Ohm is in this remote locale to spread his parents’ ashes, and upon completing that task, he encounters Jerry (David Wilmot), a forest hermit who has a fondness for consuming magic mushrooms in his goat’s milk. With a bushy beard and an eccentric disposition, Jerry is a rustic woods-dweller, and his presence amplifies the proceedings’ off-kilter mood.

That’s additionally exacerbated by a host of small incidents, such as Ohm arriving at the hotel and encountering Fergal (Michael Patric) sporting his latest hunting kill (via crossbow), and proprietor Mr. Cobb (Brendan Conroy) scaring two young boys with a fable about a witch that preys upon lost travelers, shackling and dragging them to the underworld.

Between this and the occasional sight of figurines and wood carvings of cherubic children, Hokum introduces plenty of unnerving elements, not least of which is the anecdote that the hotel’s honeymoon suite—which was once frequented by Ohm’s parents—is thought to be haunted and remains, like the elevator leading to it, locked up.

Ohm isn’t a man of superstition, and he responds to talk about paranormal activity with tetchy skepticism. Nonetheless, following a near tragedy that temporarily knocks him out of commission, Ohm is stunned by the news that Fiona has gone missing and Jerry, whose wife met a supposedly untimely fate, is the prime suspect.

Hokum starring Adam Scott.
NEON

McCarthy builds his narrative gradually, but that’s not to say Hokum is listless. Rather, the director establishes a startling tone from the start and maintains it through repeated jump-scares involving ghoulish faces and unexpected entities appearing out of the blue behind his protagonists, the latter of which results in the material’s finest (and least overtly monstrous) scare.

Cinematographer Colm Hogan’s evocative visuals and composer Joseph Bishara’s moan-punctuated score contribute to the sense that there’s something unreal afoot, and editor Brian Philip Davis cuts to maximize shocks, creating a malevolent edge-of-your-seat atmosphere.

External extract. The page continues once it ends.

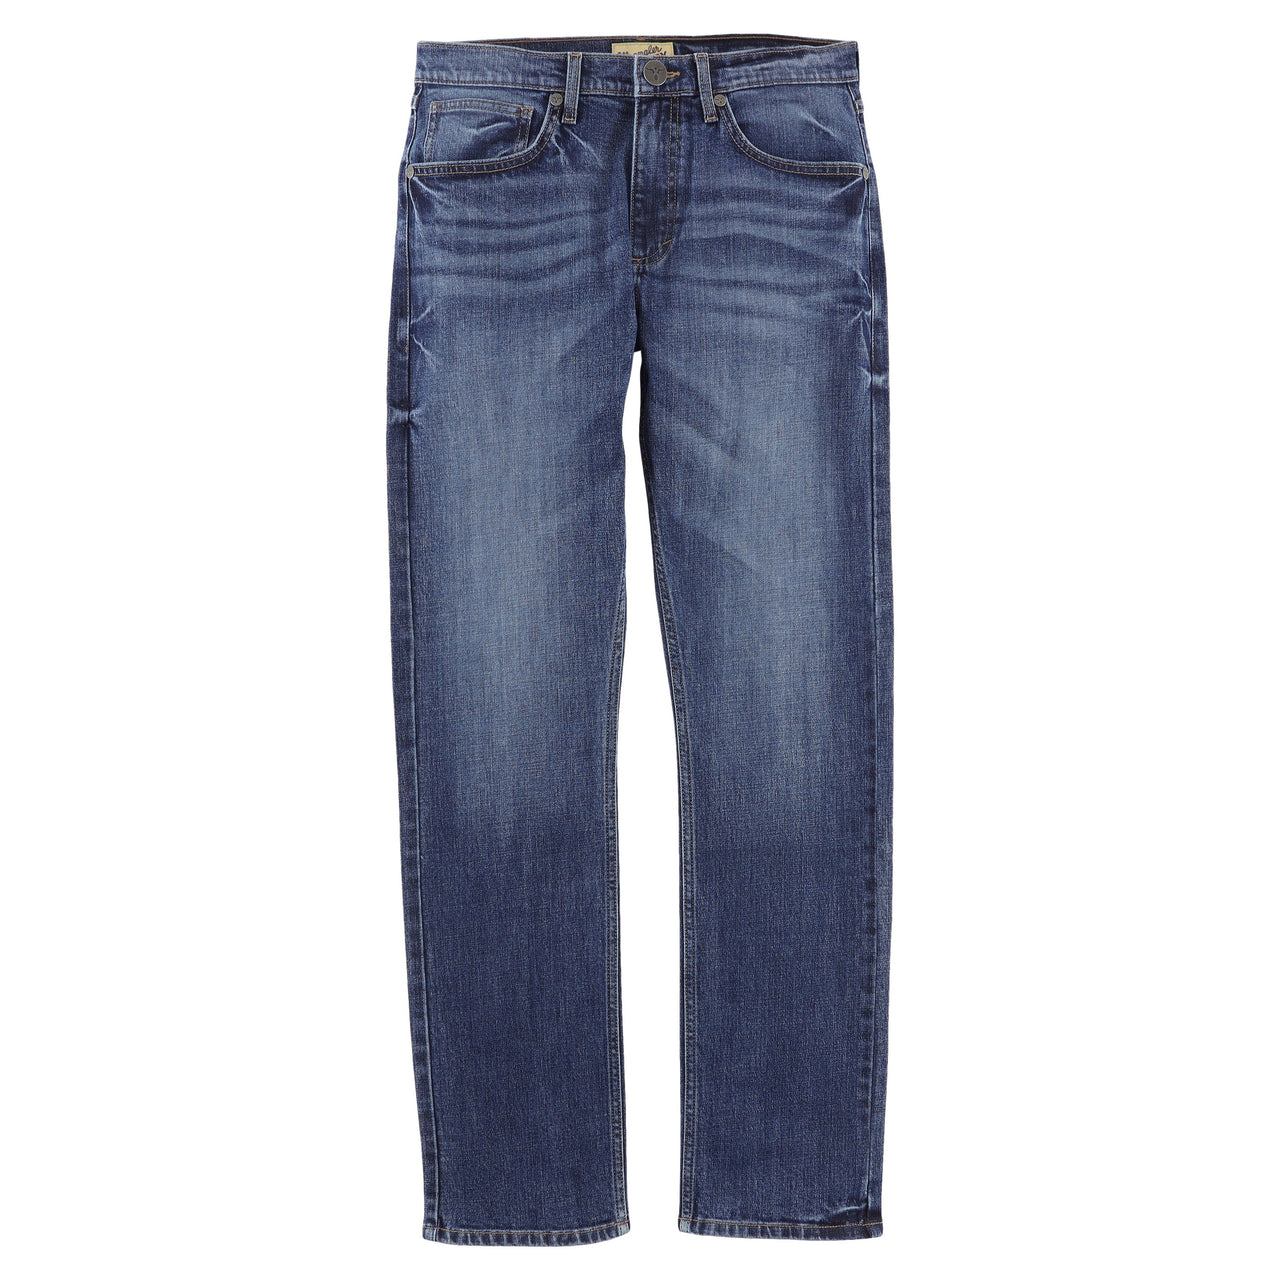 Wrangler Men's 20X 44 Slim Straight Jeans - Carlson
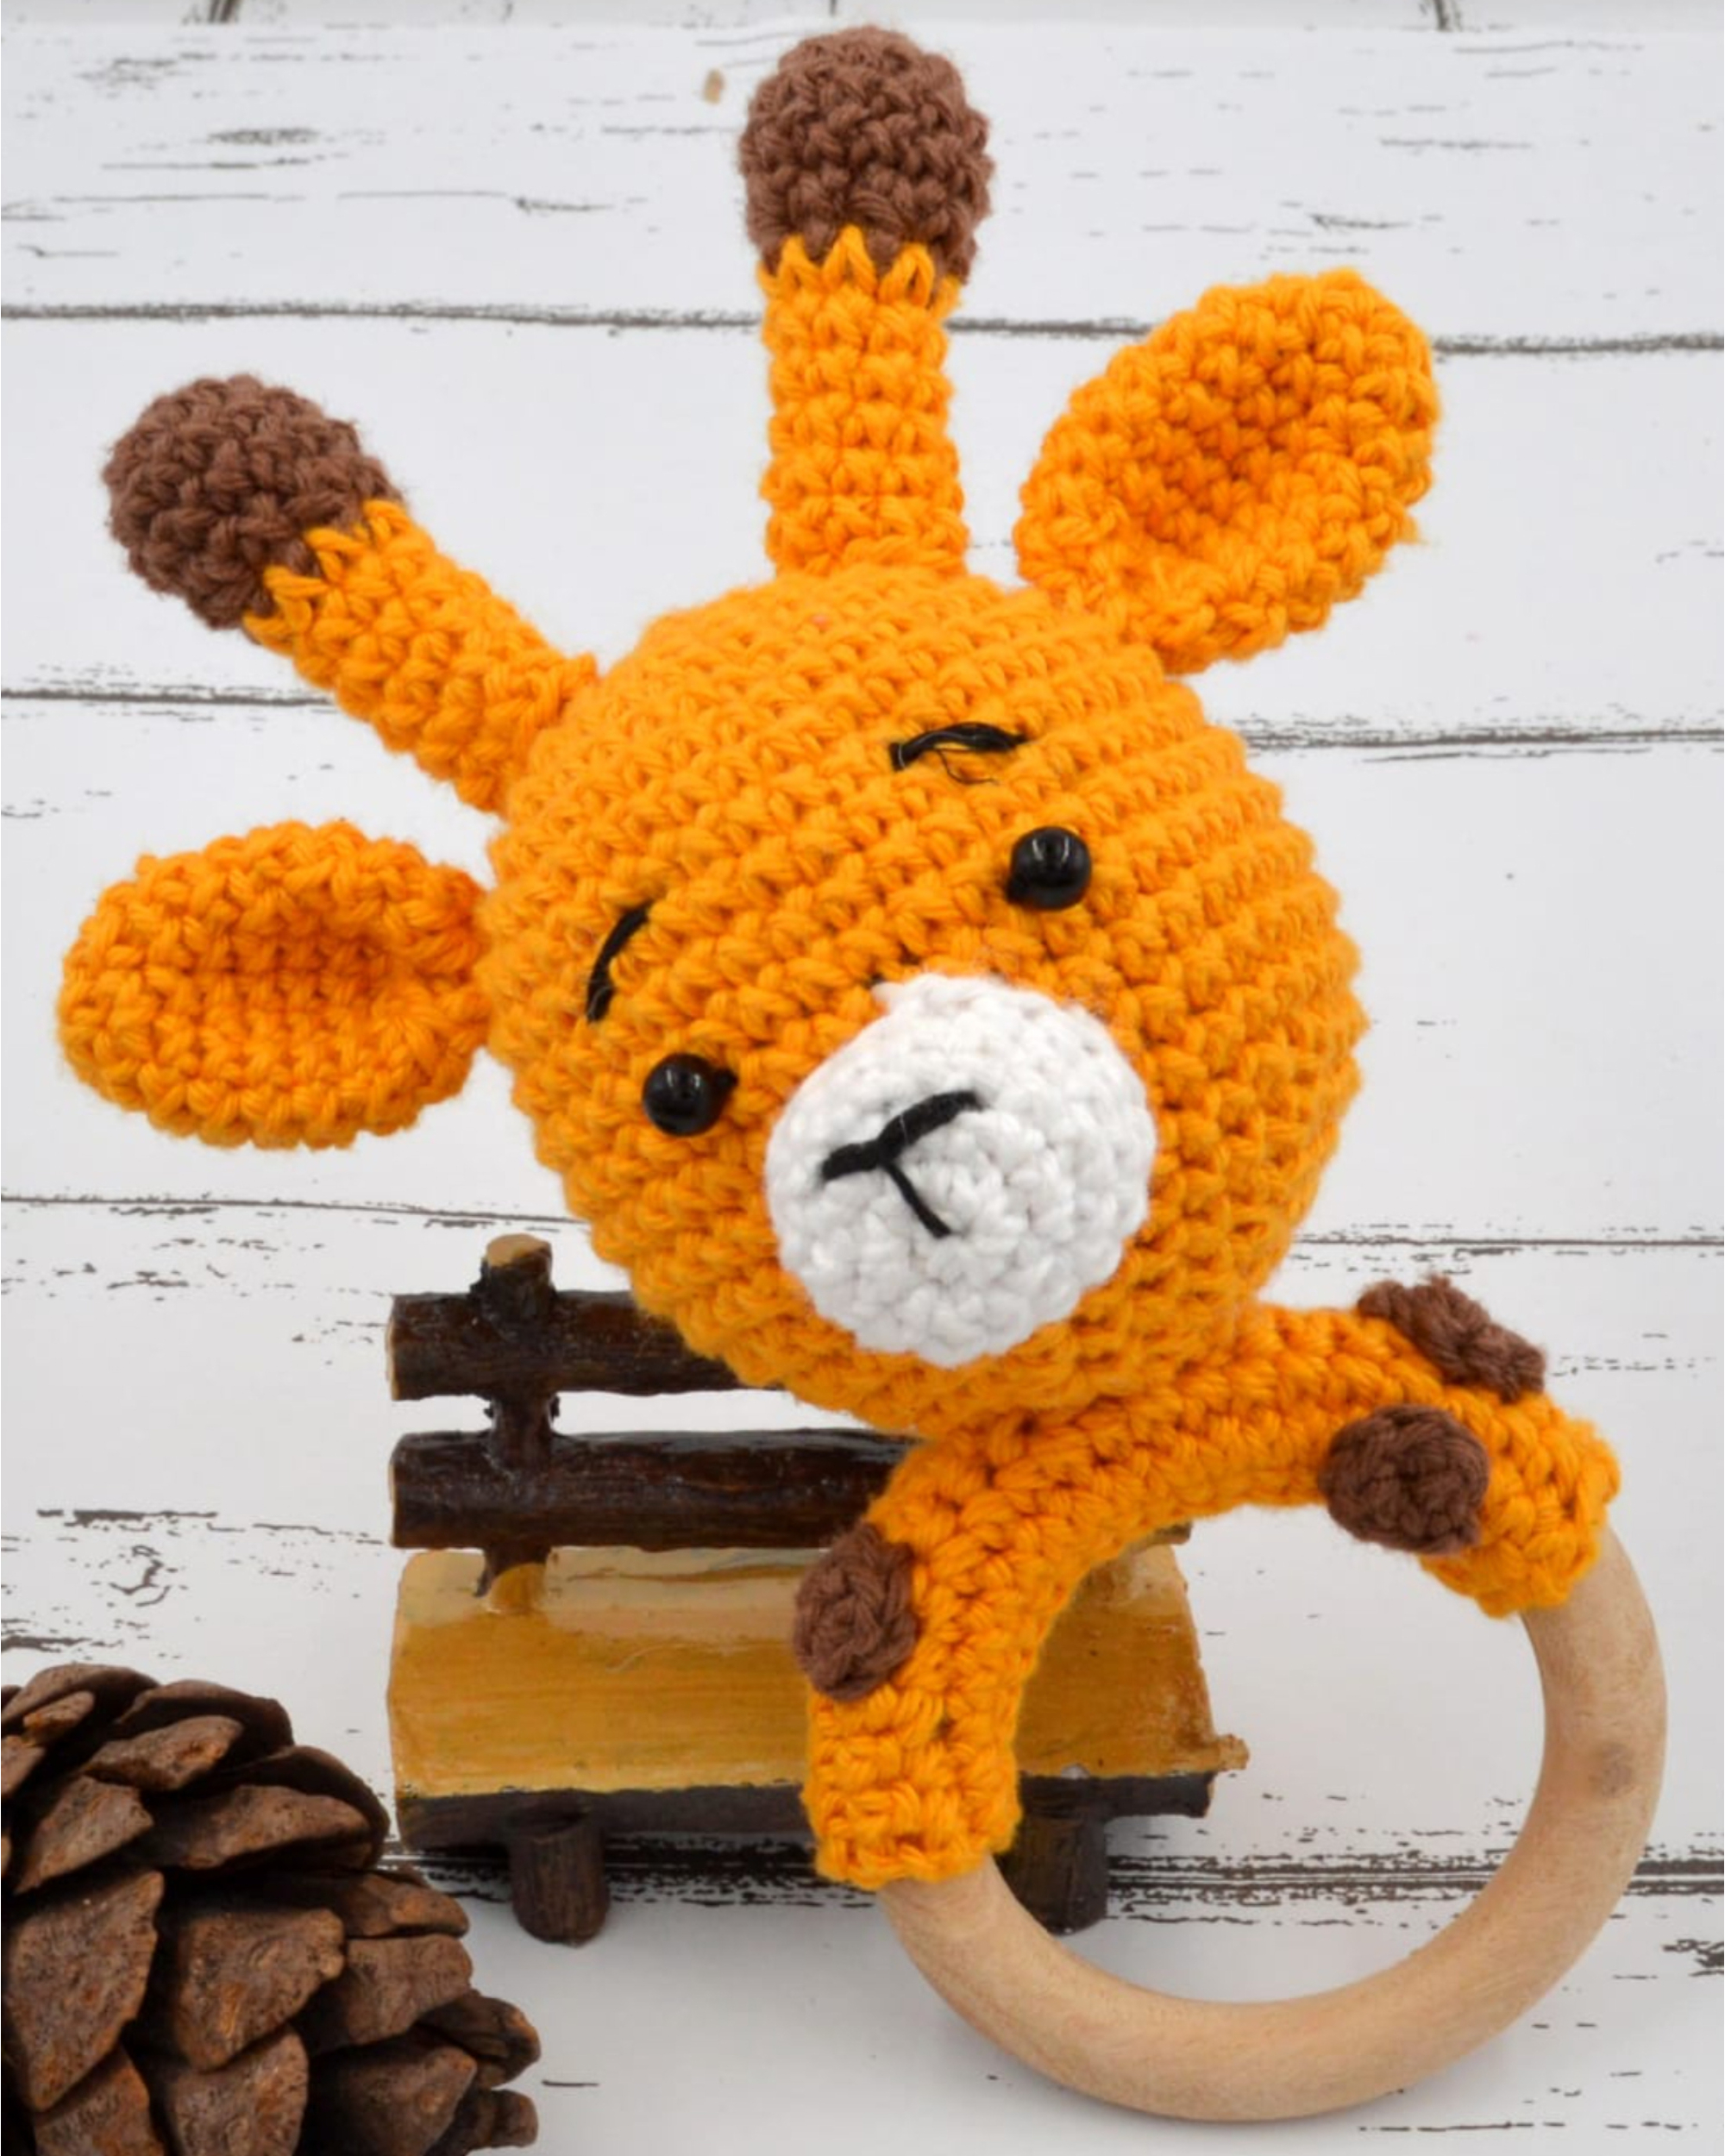 Hand crocheted baby sound rattle - giraffe

Hokum truly gets going when Jerry tells Ohm that he thinks Fiona might be in the forbidden honeymoon suite. Breaking in, only to get trapped inside, Ohm experiences a night unlike any other, and McCarthy casts his action as akin to a waking dream (or hallucination), with secret doors tucked away beneath desks, a dirty canopy bed decked out with white drapes, and an ancient dumbwaiter that leads to the basement.

Illuminated solely by lanterns, as is Ohm’s path as he navigates hair-raisingly dark corridors, this chamber proves anything but comforting. The unholy forces that soon plague Ohm are similarly disturbing, marked as they are by pale, cracked visages that are barely visible in the gloom.

Scott is a most harried man in Hokum, as well as something of a jerk. McCarthy’s script doesn’t attempt to soften the character, recognizing in him a deep wellspring of bitter hostility aimed simultaneously outward and inward, and as his ordeal progresses, subtle links between his past and the hotel’s slowly emerge.

Nonetheless, the writer/director refuses to make any such notions one-to-one explicit. Instead, he merely hints at the dynamics intertwining Ohm and his strange environs, not to mention the apparent specter determined to make this evening his last.

Adam Scott in Hokum.
Adam Scott. NEON

As befitting an affair such as this, McCarthy besets Ohm with dilemmas that both defy logic (including a strange black-and-white TV program starring a guy who’d be right at home in John Carpenter’s They Live) and speak to his anguished condition. Whether it’s in the novelist’s manuscript or at the Bilberry Woods Hotel, tales of children being hurt, or hurting others, abound, as does a persistent—and, for Ohm, personal—strain of regret for mistakes made and crimes that can’t be undone.

There isn’t an image in Hokum to rival the depiction in his previous film of a human-sized, open-mouthed wooden mannequin sitting at a kitchen table, yet McCarthy again demonstrates his gift for crafting illusory situations and alarming surprises. Just as Ohm comes to realize that the supernatural isn’t hogwash, Hokum is further proof that the writer/director is the real deal.